Effective range: The effective range of this local variable is the range in the bytecode where it can be accessed. The starting PC indicates from which offset it can access this variable, ensuring the variable has been initialized. The length indicates the length of the effective range of this local variable starting from the starting PC, such as j having an effective range until the return bytecode instruction on line 4.

The local variable table in the stack frame is an array, with one position being one slot. long and double occupy two slots.

image.png|500

The this reference of instance objects and method parameters are also stored at the beginning of the local variable table in the order of their definitions.

image.png|500

Question: How many slots does the following code occupy?

public void test4(int k,int m){
    {
        int a = 1;
        int b = 2;
    }
    {
        int c = 1;
    }
    int i = 0;
    long j = 1;
}

Is this, k, m, a, b, c, i, j a total of 9 slots? Not necessarily.

To save space, the slots in the local variable table can be reused. Once a local variable is no longer in use, the current slot can be reused. In this case, a, b, and c will not be used later and can be reused by i and j. However, the this reference and method parameters persist throughout the method's lifecycle, and the slots they occupy will not be reused.

Thus, the number of slots in the local variable table should be the minimum required at runtime, which can be determined at compile time. During execution, the stack frame simply creates a local variable table array of the corresponding length.

image.png|500

Operand Stack#

The operand stack is a region in the stack frame used by the virtual machine to store intermediate data during instruction execution, following a stack structure.

The maximum depth of the operand stack can be determined at compile time, allowing for correct memory allocation during execution.

Example: The maximum depth of the operand stack is 2.

image.png|500

Frame Data#

Frame data mainly includes dynamic linking, method exit, and references to the exception table.

Dynamic Linking#

When the bytecode instructions of the current class reference attributes or methods of other classes, it needs to convert symbolic references (numbers) into corresponding memory addresses in the runtime constant pool.

Dynamic linking saves the mapping relationship from numbers to memory addresses in the runtime constant pool.

image.png|500

Method Exit#

Method exit refers to when a method ends correctly or abnormally, the current stack frame will be popped, and the program counter should point to the address of the next instruction in the previous stack frame, which is the address of the next instruction in the caller.

image.png|500

Exception Table#

The exception table stores information about exception handling in the code, including the effective range of exception capture and the bytecode instruction positions to jump to after an exception occurs.

Example: In this exception table, the starting offset for exception capture is 2, and the ending offset is 4. If an object of java.lang.Exception or its subclass is thrown during execution from 2 to 4, it will be captured and then jump to the instruction at offset 7.

image.png|500

Stack Memory Overflow#

If the JVM stack has too many stack frames, exceeding the maximum size that the stack memory can allocate, a memory overflow will occur, resulting in a StackOverflowError.

image.png|500

You can set the virtual machine parameters -Xss1m or -Xss1024K. A 1M JVM stack can accommodate 10,676 stack frames.

Each version of the JVM will also have requirements for stack size.
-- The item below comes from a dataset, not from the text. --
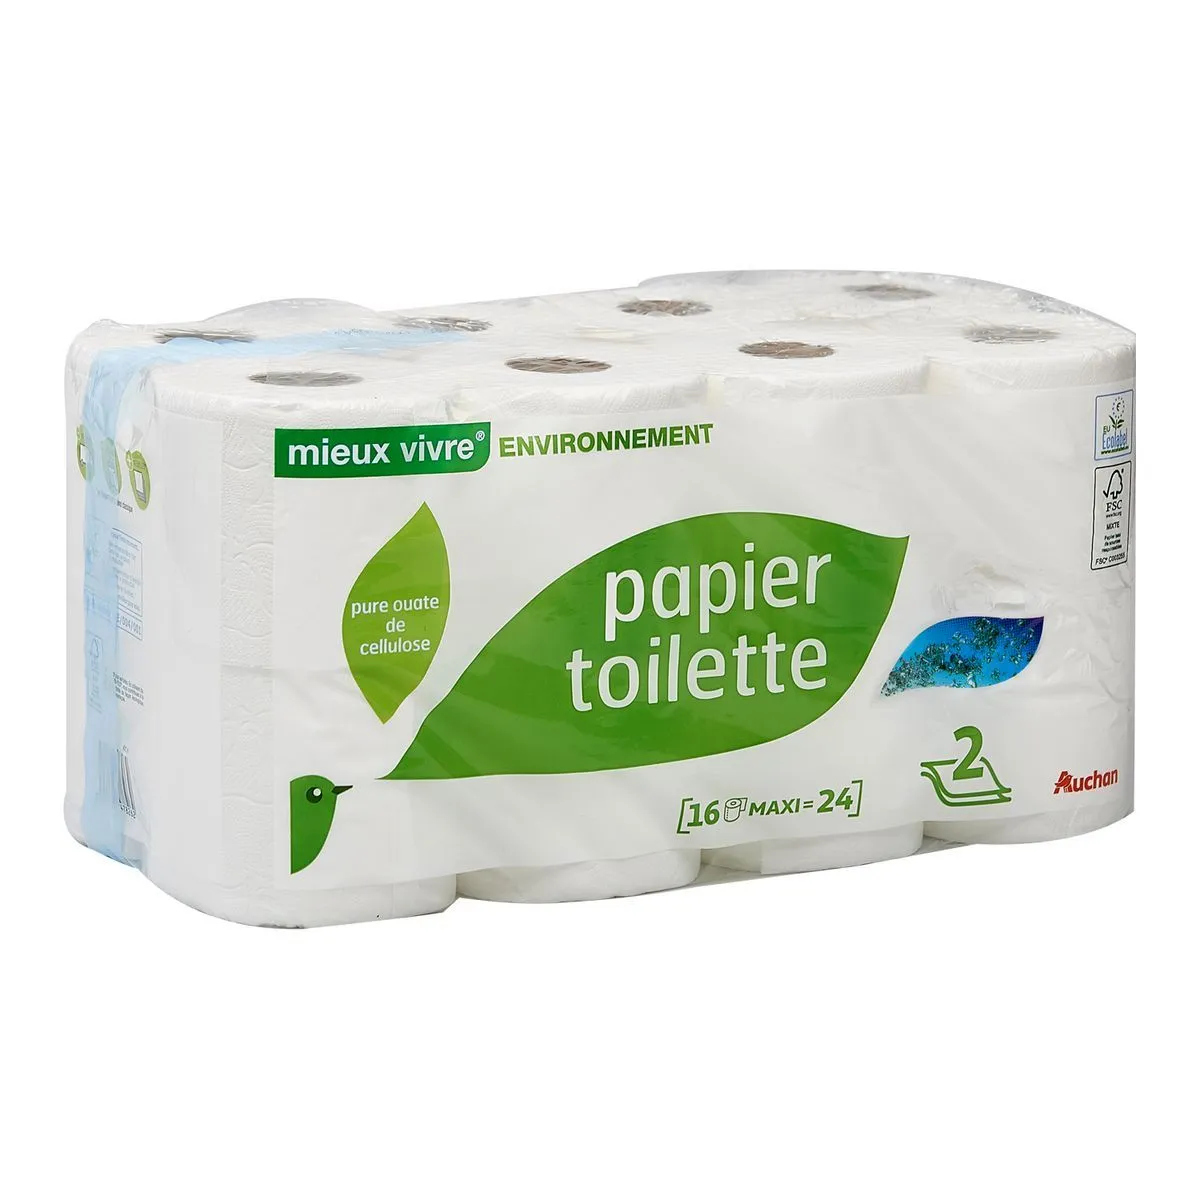 papier toilette mieux vivire en vironnement auchan
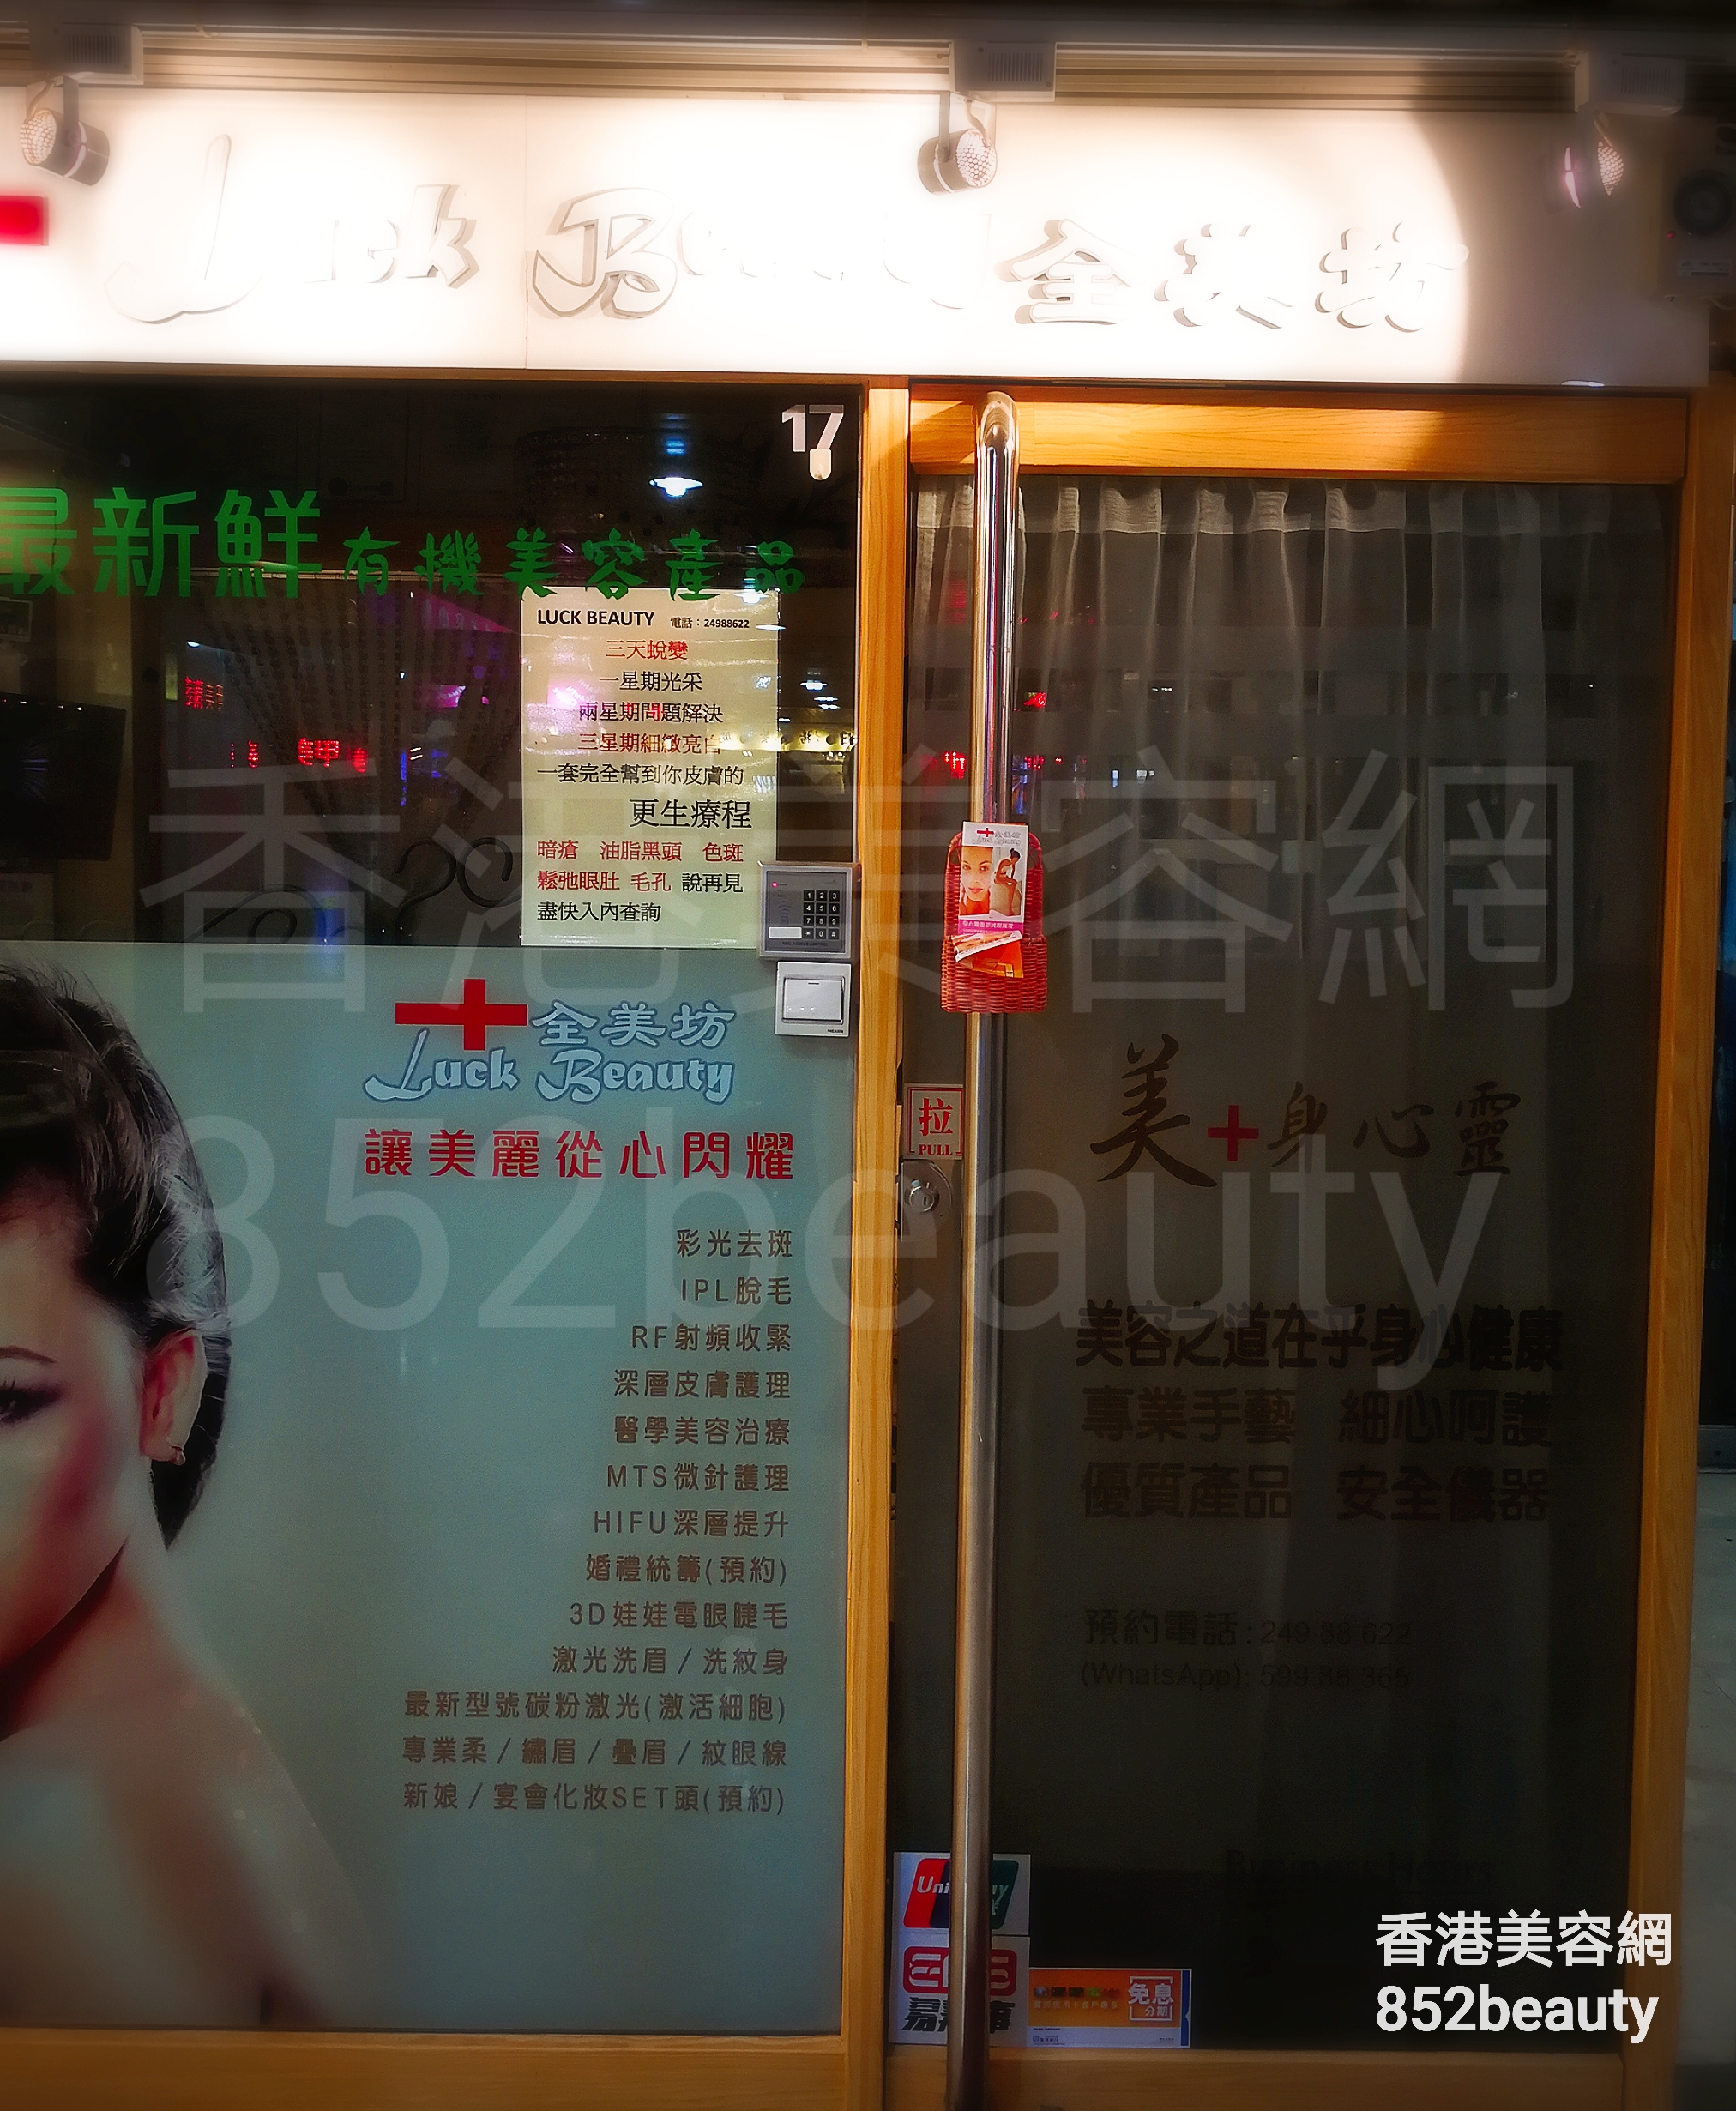 香港美容網 Hong Kong Beauty Salon 美容院 / 美容師: Luck Beauty 全美坊 (荃灣店)

The HotSpot JVM requires a minimum of 180K and a maximum of 1024M for JDK 8 on Windows 64-bit.

Native Method Stack#

In the HotSpot JVM, the Java Virtual Machine stack and the native method stack use the same stack space. The native method stack stores information such as parameters, local variables, and return values for native methods.

Native methods refer to methods written in C language within the JVM, publicly declared in Java code to allow calls.

Heap Memory#

In general, the heap memory in a Java program is the largest memory area, shared among threads.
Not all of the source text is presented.